# [PROBLEM STATEMENT]
Word for word, restate the lines of the data below between those holding "YVES SAINT LAURENT" and "- This is a", inclusive; pictures do not belong in the copy.

# [EXTRACTED ENTRIES]
++++++++++
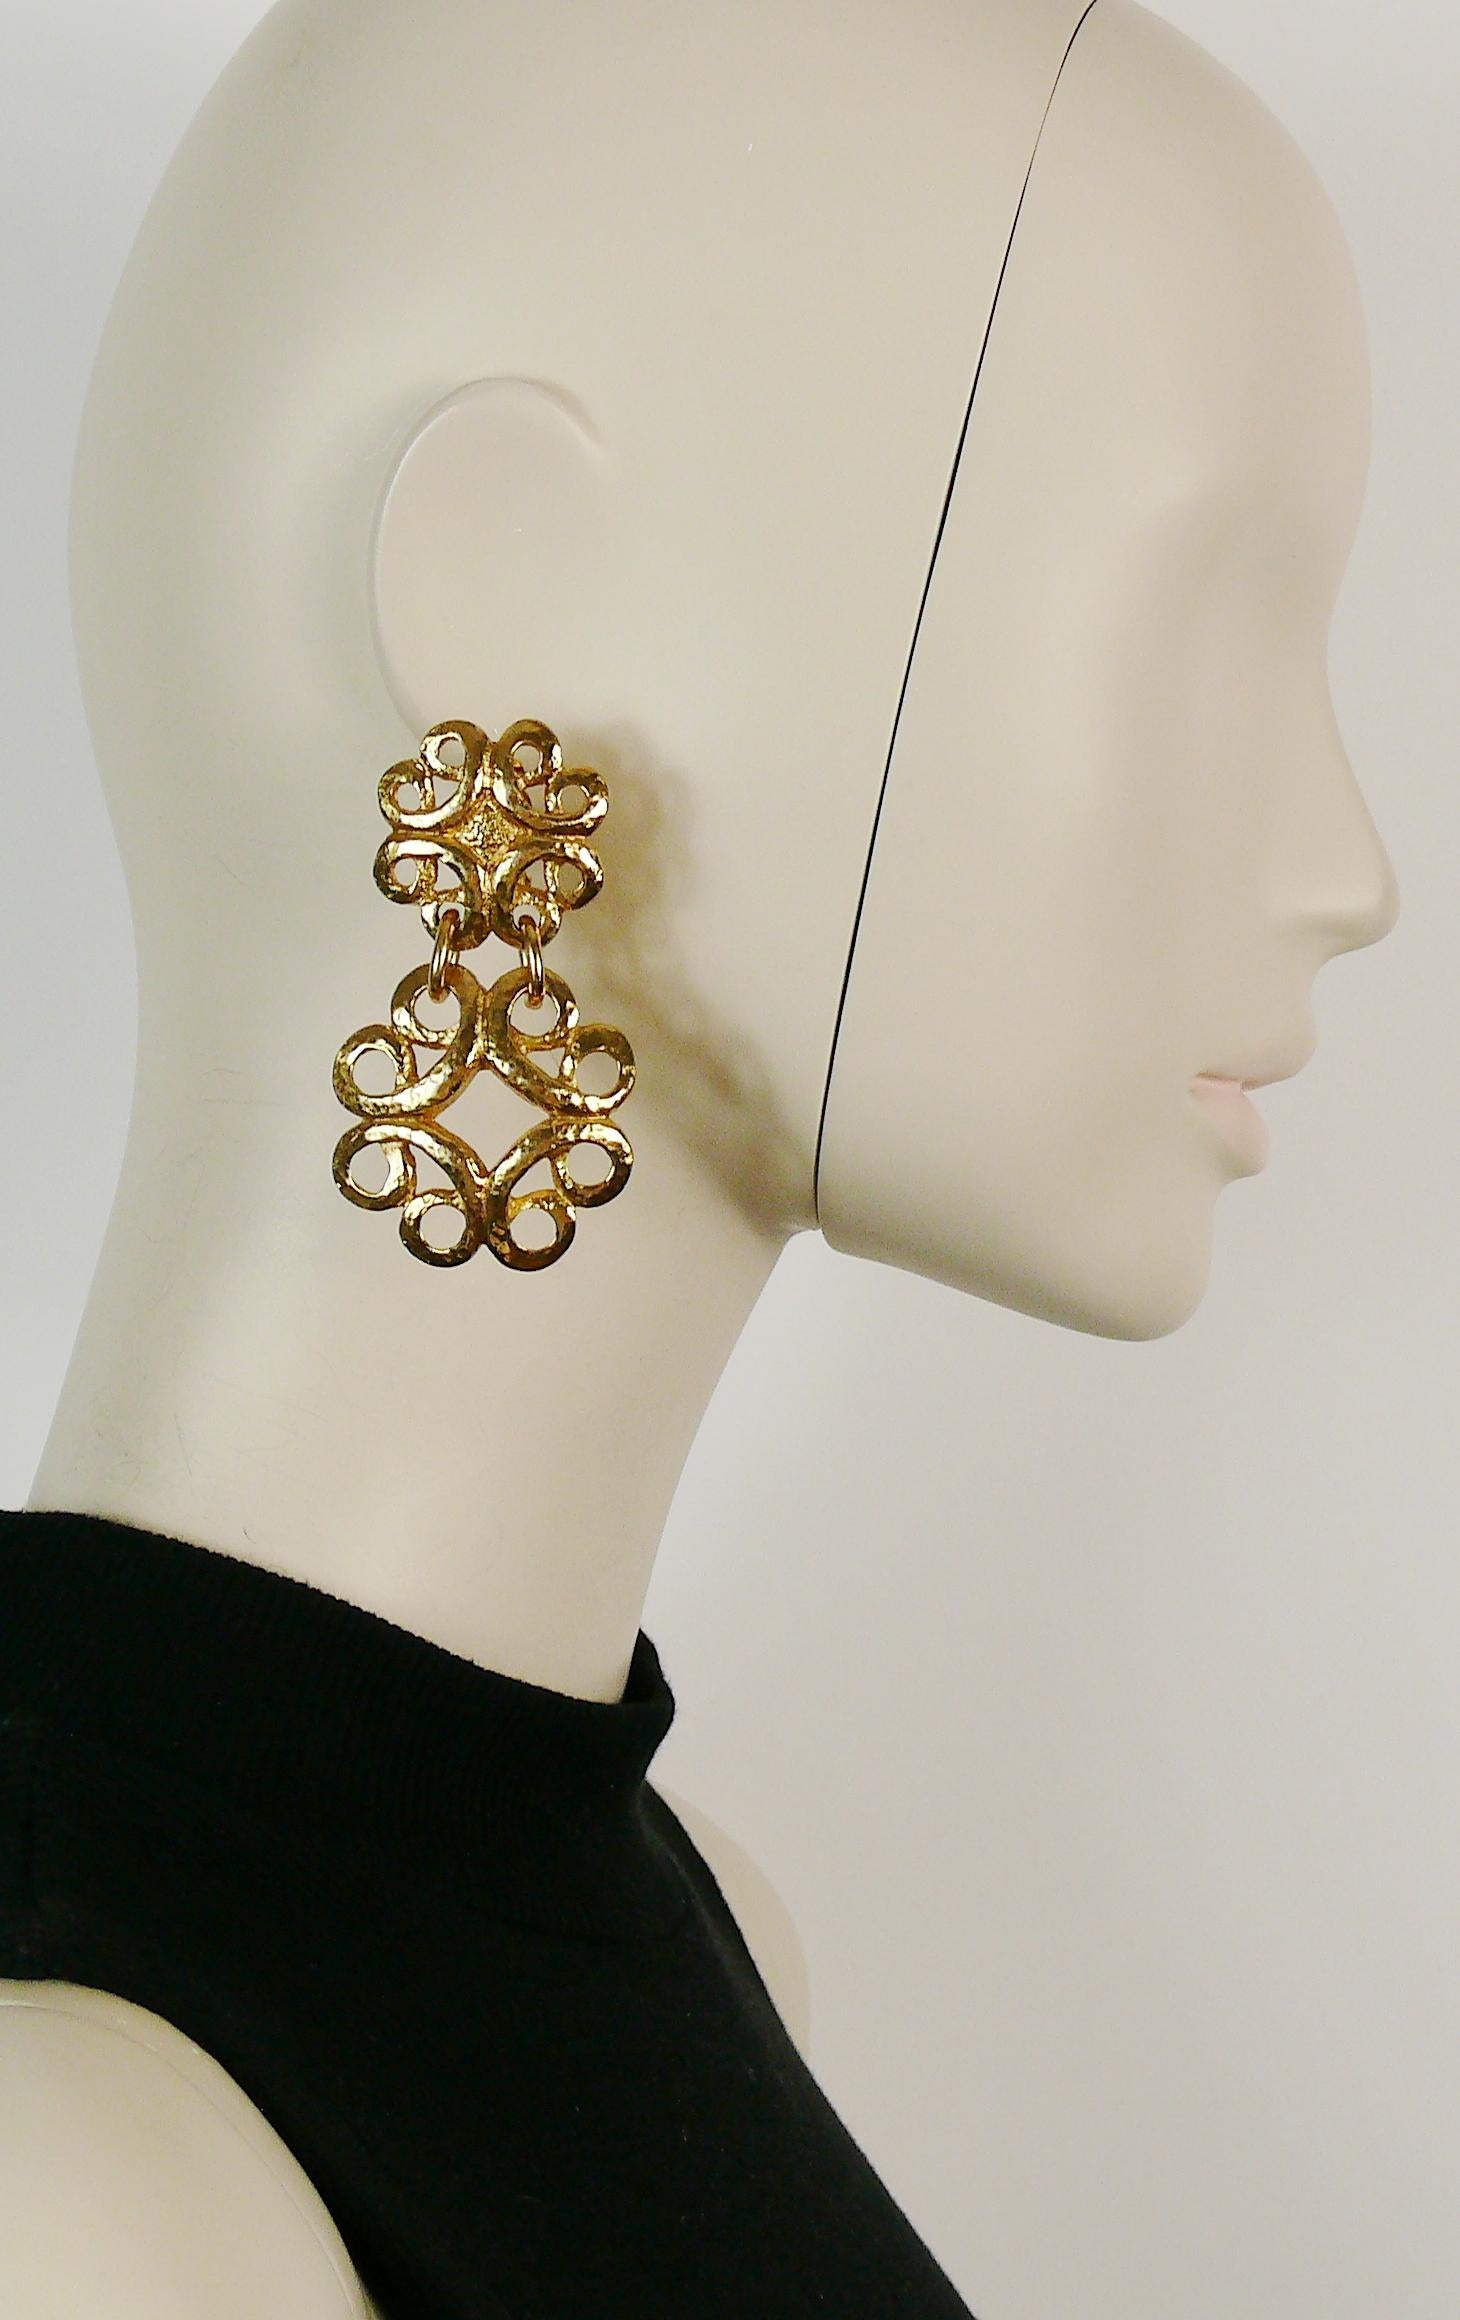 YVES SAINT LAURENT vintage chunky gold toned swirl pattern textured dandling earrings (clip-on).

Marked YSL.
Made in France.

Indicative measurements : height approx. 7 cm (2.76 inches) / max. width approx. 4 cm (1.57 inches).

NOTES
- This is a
++++++++++
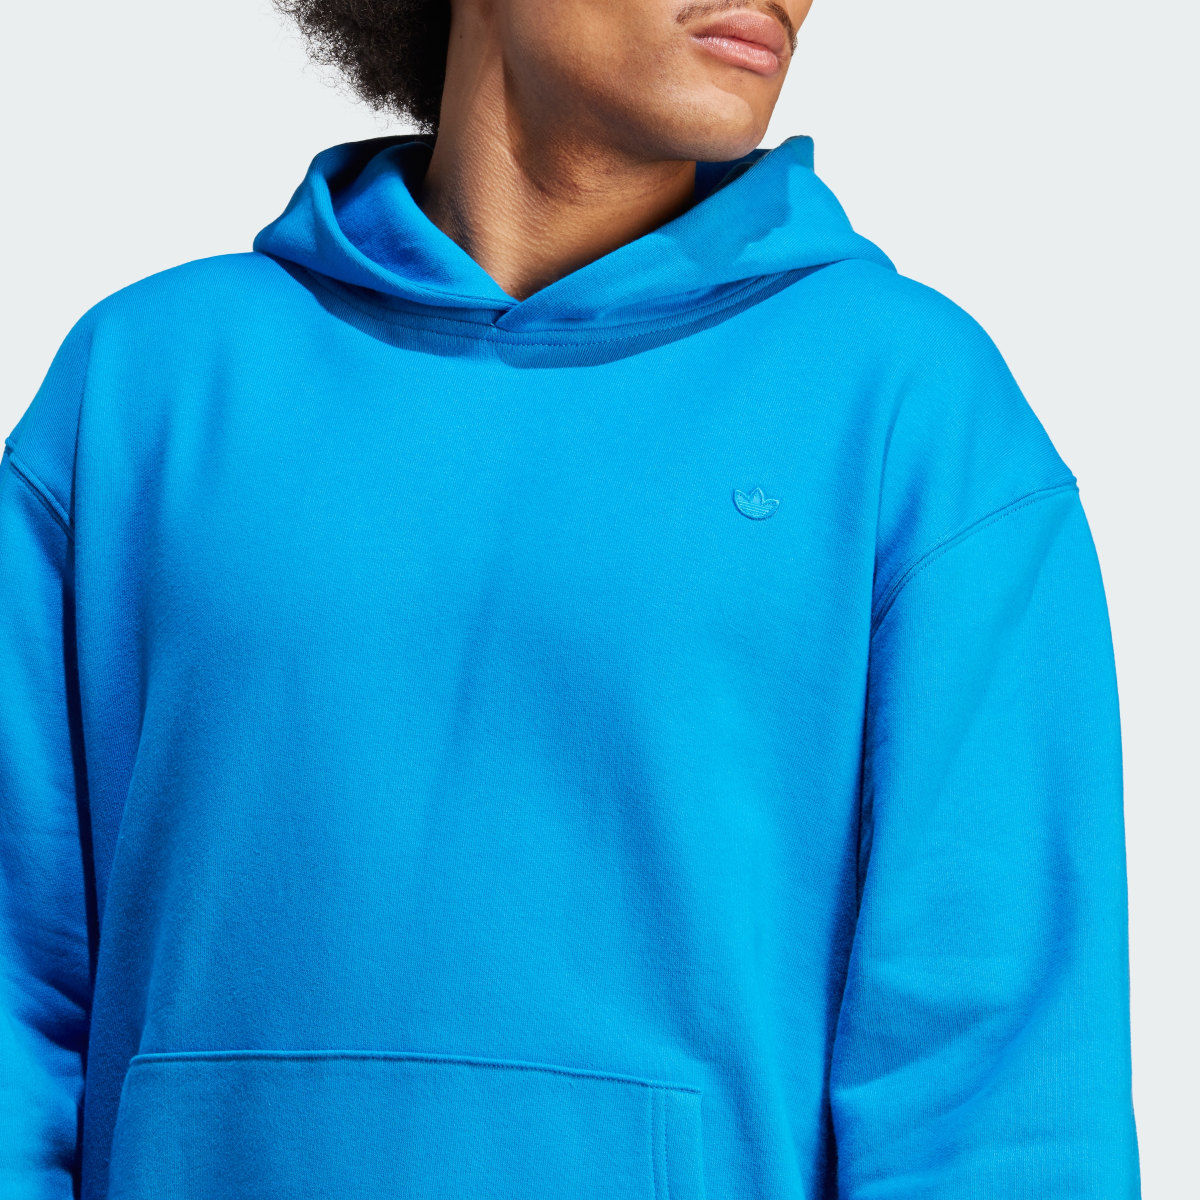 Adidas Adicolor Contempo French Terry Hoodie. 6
++++++++++
# [ANSWER AREA]
 YVES SAINT LAURENT vintage chunky gold toned swirl pattern textured dandling earrings (clip-on).

Marked YSL.
Made in France.

Indicative measurements : height approx. 7 cm (2.76 inches) / max. width approx. 4 cm (1.57 inches).

NOTES
- This is a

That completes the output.